_GIVEN DATA:_
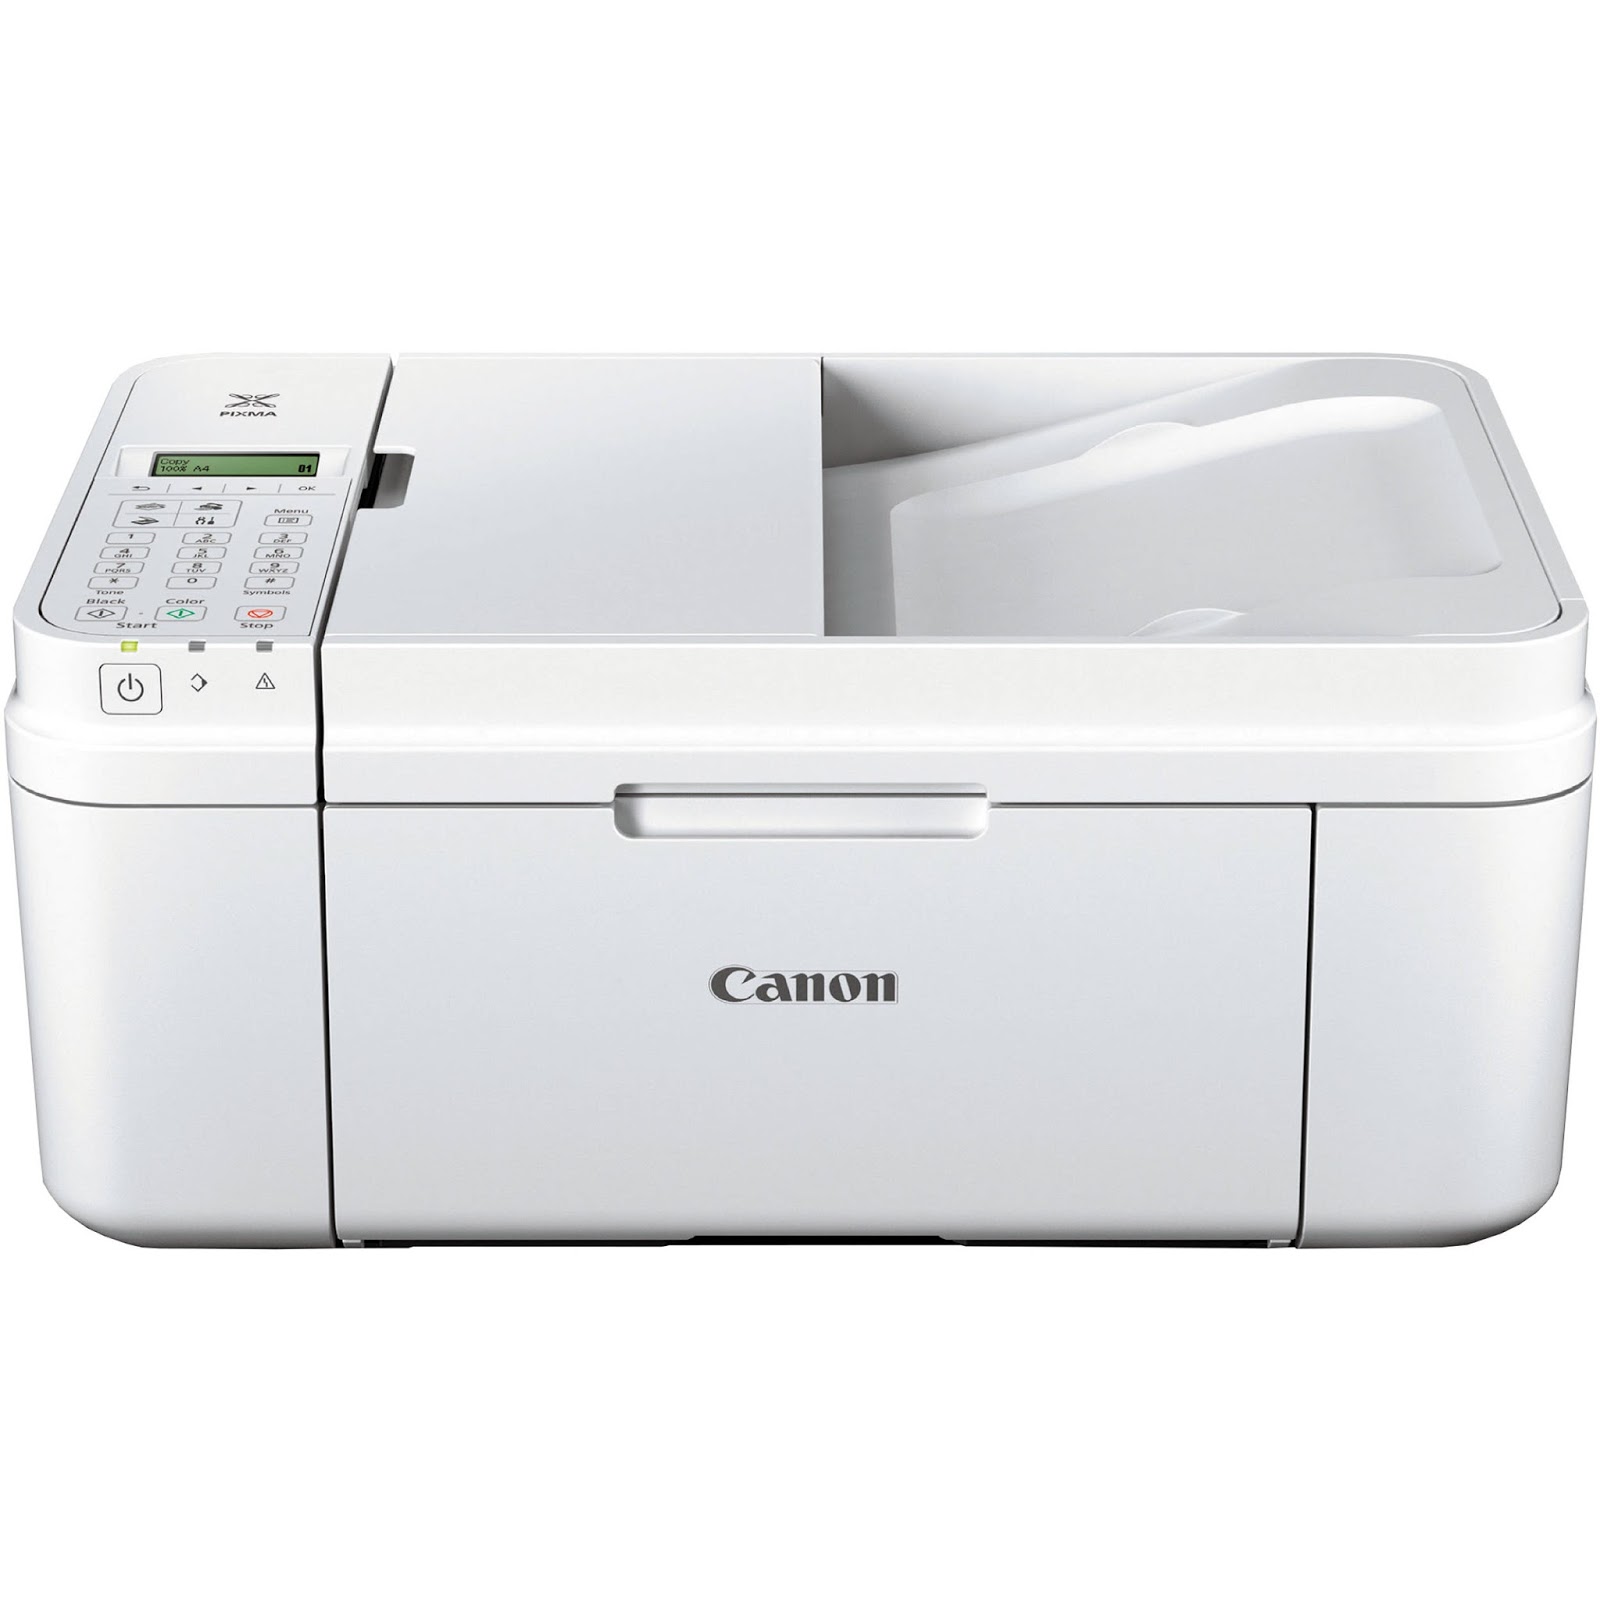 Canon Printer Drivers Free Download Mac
==
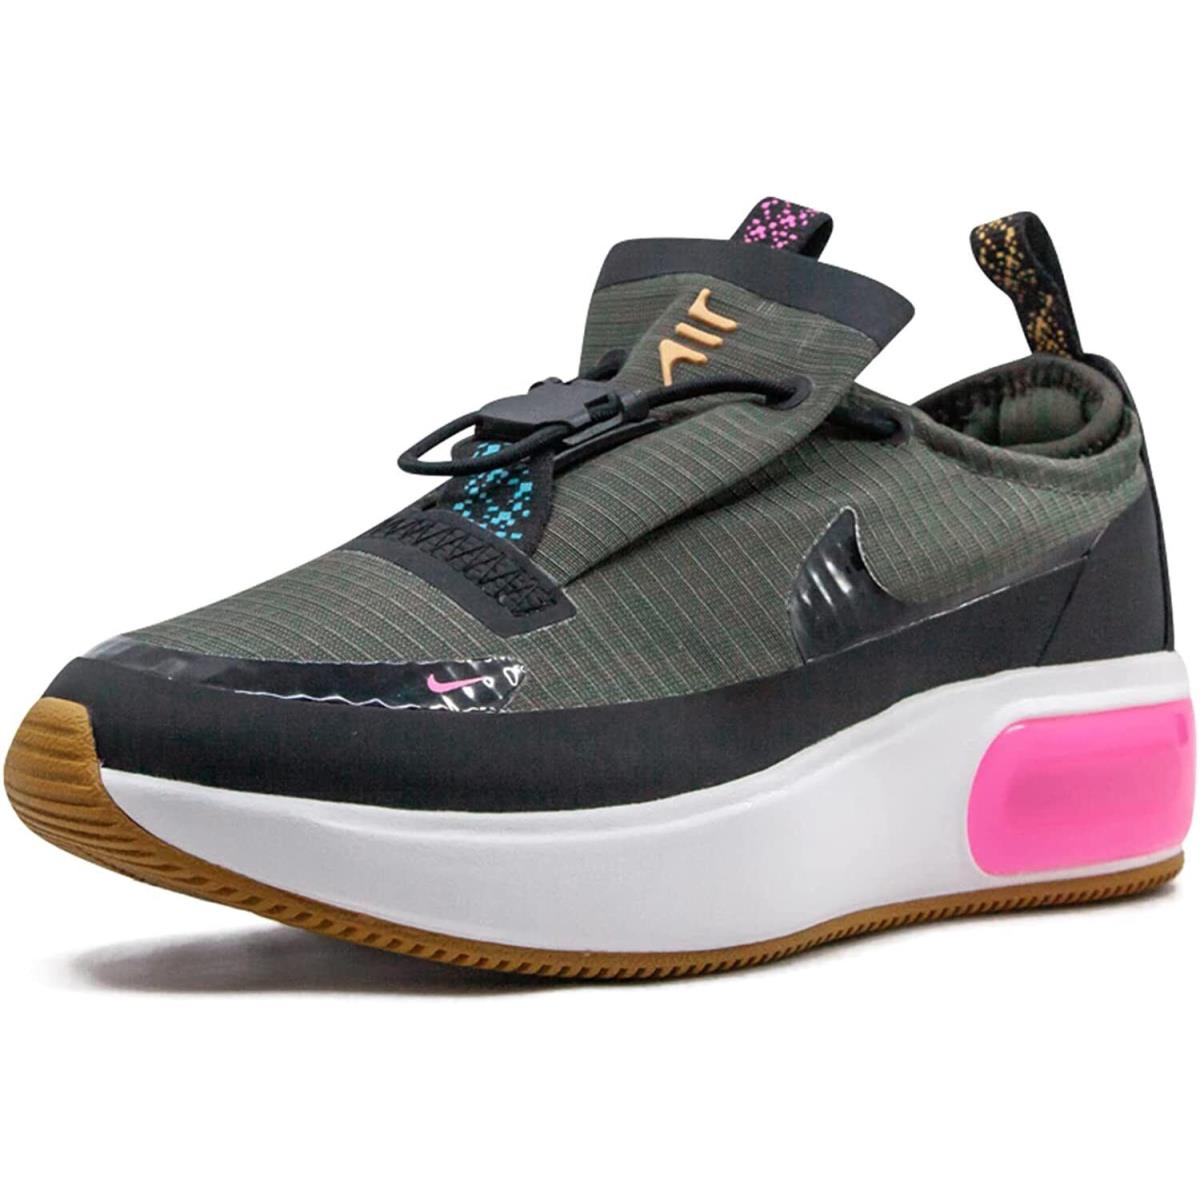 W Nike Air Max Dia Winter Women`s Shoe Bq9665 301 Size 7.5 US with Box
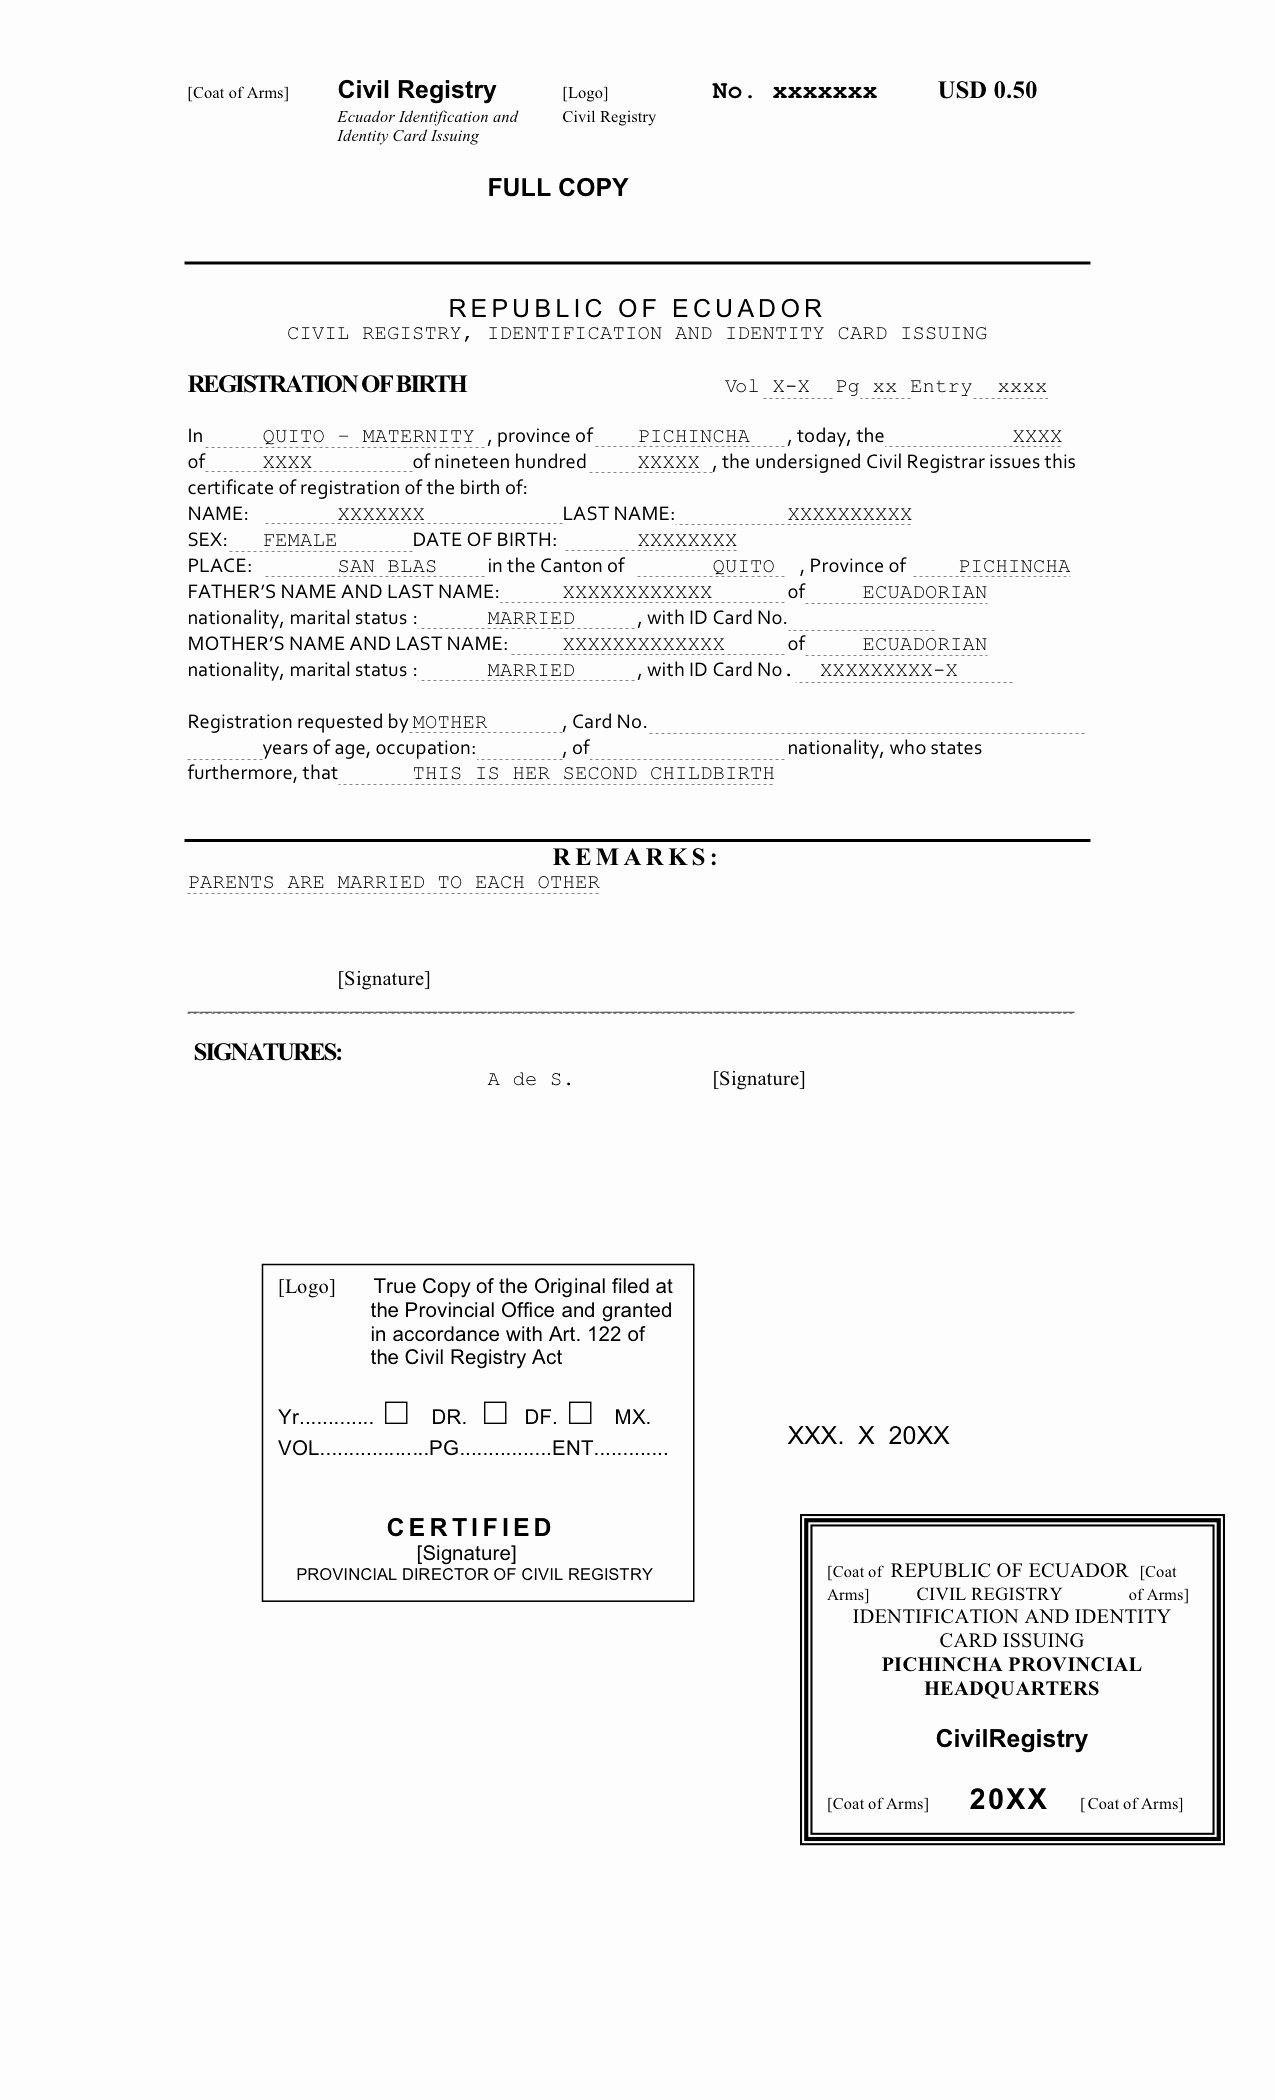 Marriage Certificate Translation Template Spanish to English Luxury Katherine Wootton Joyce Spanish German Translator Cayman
--
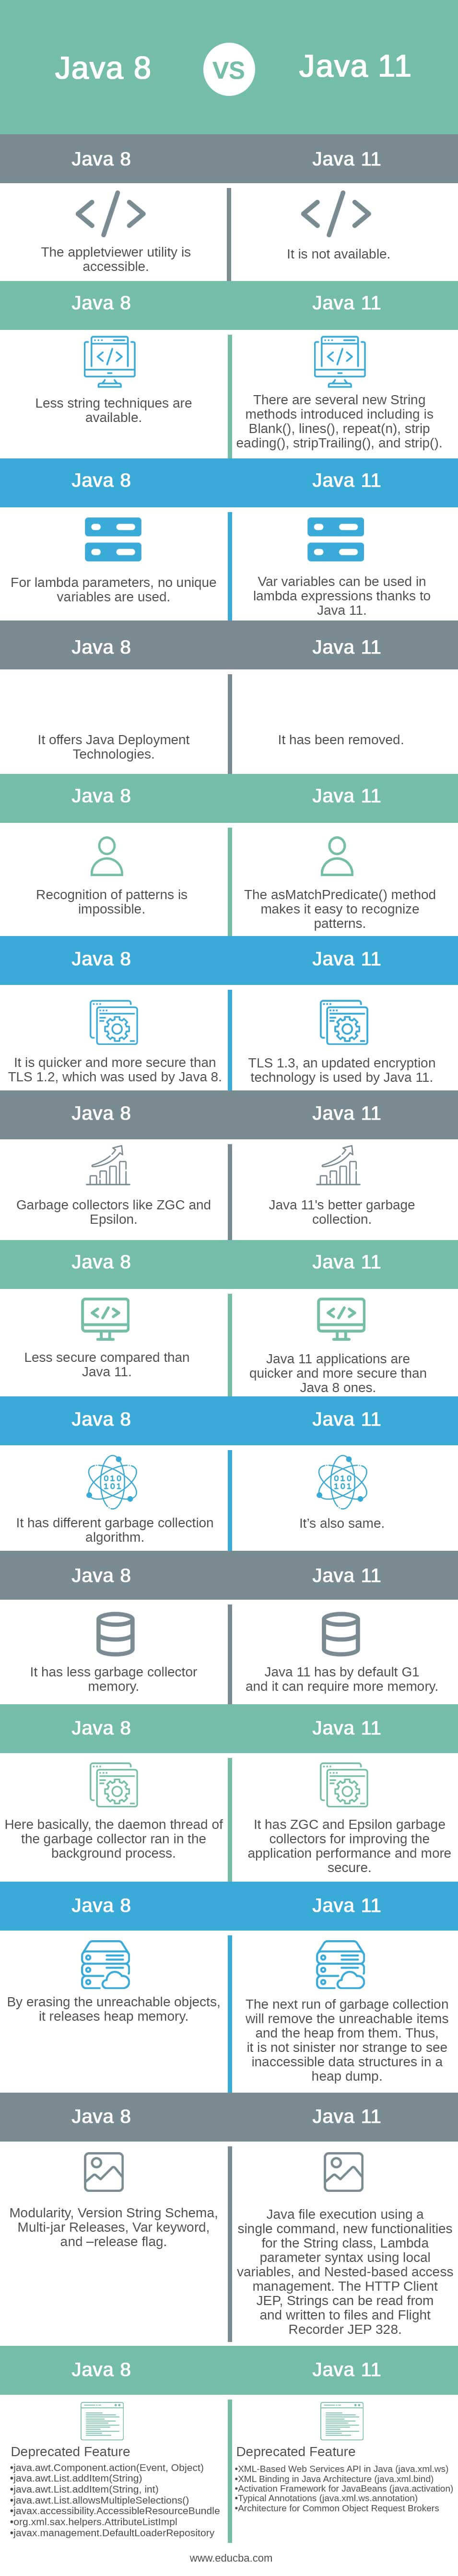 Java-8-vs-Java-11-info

_TASK ITEM:_ Although the records hold pictures, the copy must not; give again exactly the lines from the one with "W Nike Air Max" through the one with "Marriage Certificate Translation".

_WRITTEN RESPONSE:_
 W Nike Air Max Dia Winter Women`s Shoe Bq9665 301 Size 7.5 US with Box
 Marriage Certificate Translation Template Spanish to English Luxury Katherine Wootton Joyce Spanish German Translator Cayman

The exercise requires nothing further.